Some questions about RL_application_env.py

Tangsuuu commented 2 years ago

Hi, I find self.check_activity() will change the size of self.action_space = spaces.Box() in RL_application_env.py init(). Will it cause wrong action_space size init in the model?

H2SO4T commented 2 years ago

Hi, no it should not give any kind of issue. In case you encountered a bug, please give me your configuration and the apk that crashes.
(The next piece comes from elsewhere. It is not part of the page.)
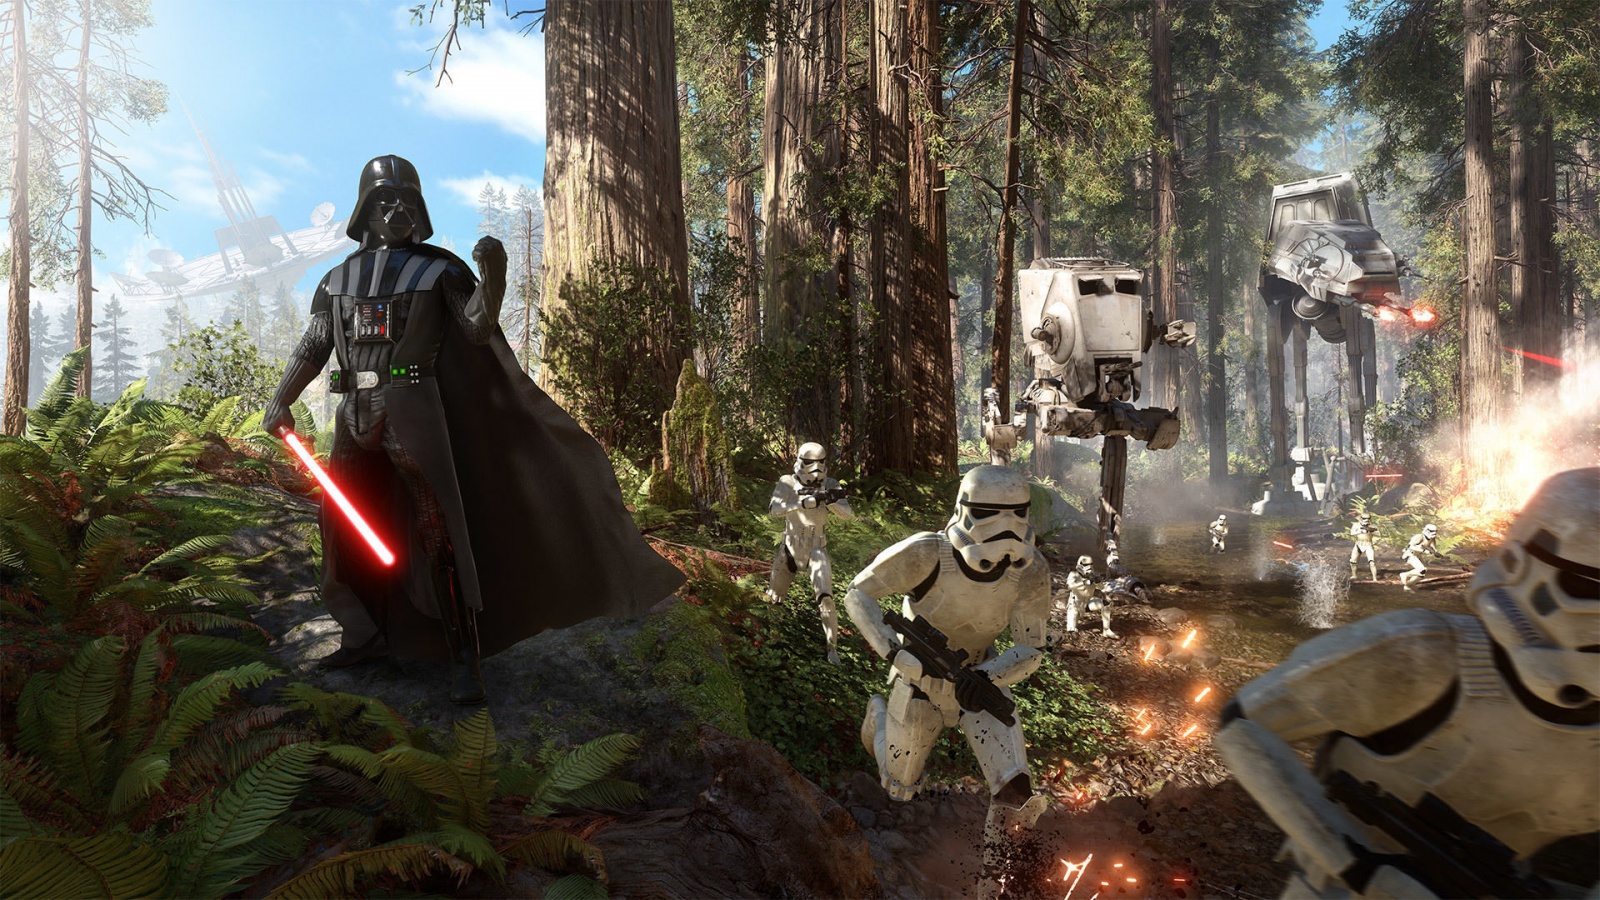 Star Wars Battlefront Darth Vader Wallpaper in jpg format for free download

Tangsuuu commented 2 years ago

It didn't crash. I my test case of BookyMcBookface.apk.
self.action_space = spaces.Box(low=numpy.array([0, 0, 0]),high=numpy.array([self.ACTION_SPACE, len(self.strings) - 1, 1]), dtype=numpy.int64) self.ACTION_SPACE is 30. But after self.check_activity() in init(), self.action_space.high[0] = len(self.views) + self.shift is seted. So self.action_space is changed to spaces.Box(low=numpy.array([0, 0, 0]),high=numpy.array([4, len(self.strings) - 1, 1]). Then self.action_space is used to set the action_space in SAC model. It will cause wrong ACTION_SPACE in SAC model. The right ACTION_SPACE should be 30 in your parameter.

H2SO4T commented 2 years ago

It is normal to resize the action space during the exploration. It is resized to match the number of widgets that ARES can interact with. In fact, the number of widgets that an activity has may vary over time. However, the number also changes between activities.

Let us say that the ACTION_SPACE of dimension 30 is the upper limit of widgets that ARES can manage.

Tangsuuu commented 2 years ago

I may didn't understand the init() of SAC model. I just think if the SAC model is initialized with ACTION_SPACE = 4, it will not predict the action_number[0] more than 4. Will the upper limit of predicted action_number[0] in SAC model changed according to the resize the action space during the exploration?

H2SO4T commented 2 years ago

If you look at line 173 in RL_application_env.py I'm setting the action_space to the "maximum_dimension" of 30. Then at line 178, I call self.check_activity() that actually resizes the action_space to the correct dimension. At last self.check_activity() is recalled each time that the GUI changes.

Tangsuuu commented 2 years ago

Thanks for your reply. I konw the ACTION_SPACE is changed with the GUI changes. But the size of prediction of SAC model didn't changed with action_space resizes in self.check_activity(). In my test, the SAC model is initialized with the ACTION_SPACE = 4 ( line 178 self.check_activity() ). Then self.check_activity() is recalled each time that the GUI changes than change the ACTION_SPACE in RL_application_env, but it don't change the ACTION_SPACE in SAC model. The prediction of the model is fixed to ACTION_SPACE = 4 in initialization.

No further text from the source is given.